Recap: what's manual vs automatic
- Automatic: code indexing (git hook), index rebuild on
recall, and — once Step 4 is set up — the agent recalling and recording decisions. - Manual (optional): writing decisions yourself with
ctxmem remember, and the two per-machine setup commands above.
📖 8. Commands reference
| Command | What it does |
|---|---|
ctxmem init [--mode M] |
Create .ctxmem/ and pick a search mode. |
ctxmem remember "text" [--type --title --tags --path --supersedes ID] |
Store a memory (→ memory.jsonl); prints the new record's id. Types: note, decision, session, todo. Use --supersedes ID to correct/replace an earlier memory. |
ctxmem recall "query" [--limit --type --mode] |
Search memory + code. Superseded records are demoted + flagged ⚠ SUPERSEDED; memories pointing at a missing file are flagged ⚠ STALE. |
ctxmem ask "question" [--limit --type --mode] |
Recall plus a verdict: HIT (memory knows), WEAK (only related code/superseded notes), or MISS (nothing). Use it to check memory before answering. |
ctxmem sync |
Rebuild index.db from memory.jsonl + code (+ embeddings if enabled). |
ctxmem map |
Scan the codebase and save a structure + Python import map into memory (--type map). Re-running refreshes it (supersedes the previous map). Great as a first step so agents know the layout. |
ctxmem mode [M] |
Show, or switch to, keyword / semantic 🧪 / hybrid 🧪. |
ctxmem log [--limit] |
List recent memories. |
ctxmem status |
Branch/commit, mode, and counts of indexed items. |
ctxmem hook install/uninstall |
Add/remove a git post-commit auto-sync hook. |
ctxmem agent-init [--agent copilot|codex|all] [--mcp] [--force] |
Wire up agents: write the memory protocol into .github/copilot-instructions.md for Copilot, local AGENTS.md for Codex, or both. With --mcp, also write .vscode/mcp.json. |
ctxmem update-instructions [--mcp] |
Refresh the managed instruction block(s) in existing agent files after upgrading ctxmem (idempotent). With --mcp, also overwrite .vscode/mcp.json if present. |
ctxmem bench "query" [--baseline files|memory|repo] |
Measure token savings and premium-request savings: recall snippets vs feeding whole files/memory/repo. Add --suite FILE --report DIR for a full report with SVG charts. |
ctxmem --root PATH … |
Run against a repo other than the current directory. |
Measuring token savings (bench)
ctxmem bench quantifies the whole point of the tool: instead of pasting whole
files (or the whole repo) into the model, you inject only the relevant recall
snippets. It reports two things — the context tokens you feed the model
and the number of premium requests (agent round-trips) the answer costs.
ctxmem bench "how is a marker structured" # snippets vs whole referenced files
ctxmem bench "how is a marker structured" --baseline repo # snippets vs the entire codebase
ctxmem bench "versioning" --baseline memory --type note # snippets vs the whole memory.jsonl
without ctxmem : 21306 tokens
with ctxmem : 1526 tokens
saved : 19780 tokens (92.8%)
reduction : 14.0x smaller
premium requests (estimated agent round-trips)
without ctxmem : 6 (1 orient + 5 file reads)

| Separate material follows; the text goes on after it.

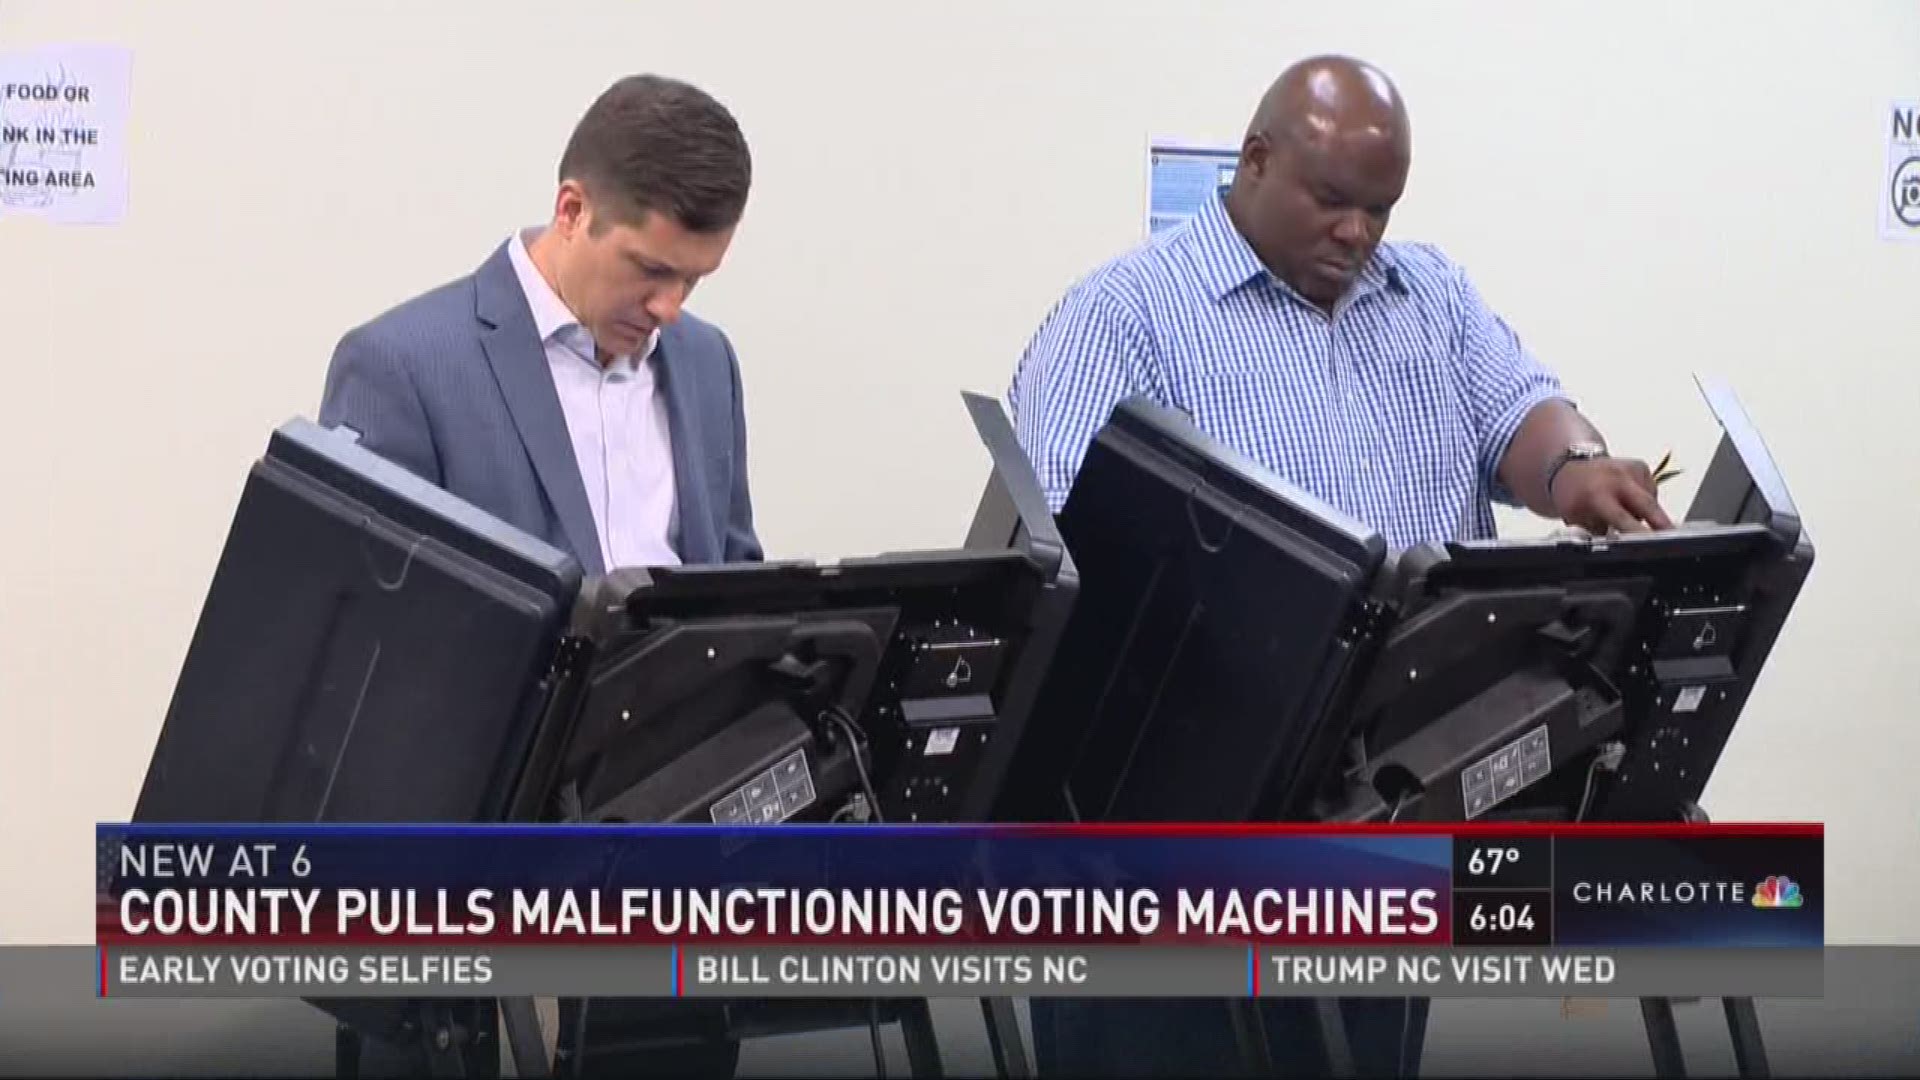 Some election officials are receiving complaints that some of the voting machines are malfunctioning.

with ctxmem : 1 (single recall)
saved : 5 (6.0x fewer)
Baselines: files (default — full text of the files behind the results),
memory (the whole memory.jsonl), repo (all indexed code + memory). Test
files are excluded from the baseline by default (--include-tests to keep
them), because a real agent would not paste whole test suites to answer a
question. Token counts use tiktoken when installed
(pip install "ctxmem[bench]"), otherwise a portable ~chars/4 estimate (the
label shows which was used).
Run a whole suite of questions and generate a shareable report with charts:
ctxmem bench --suite questions.txt --baseline files --report bench-out
# writes bench-out/report.md, bench-out/bench_tokens.svg, bench-out/bench_requests.svg
📊 9. Benchmark — how it was tested
The claim "ctxmem saves tokens and premium requests" is not hand-waving — it is measured on a real, third-party codebase and fully reproducible.
Setup
- Repo under test: the Django source tree (~2,900 Python files, ~45k indexed symbols) — a large, independent codebase to avoid any home-field advantage.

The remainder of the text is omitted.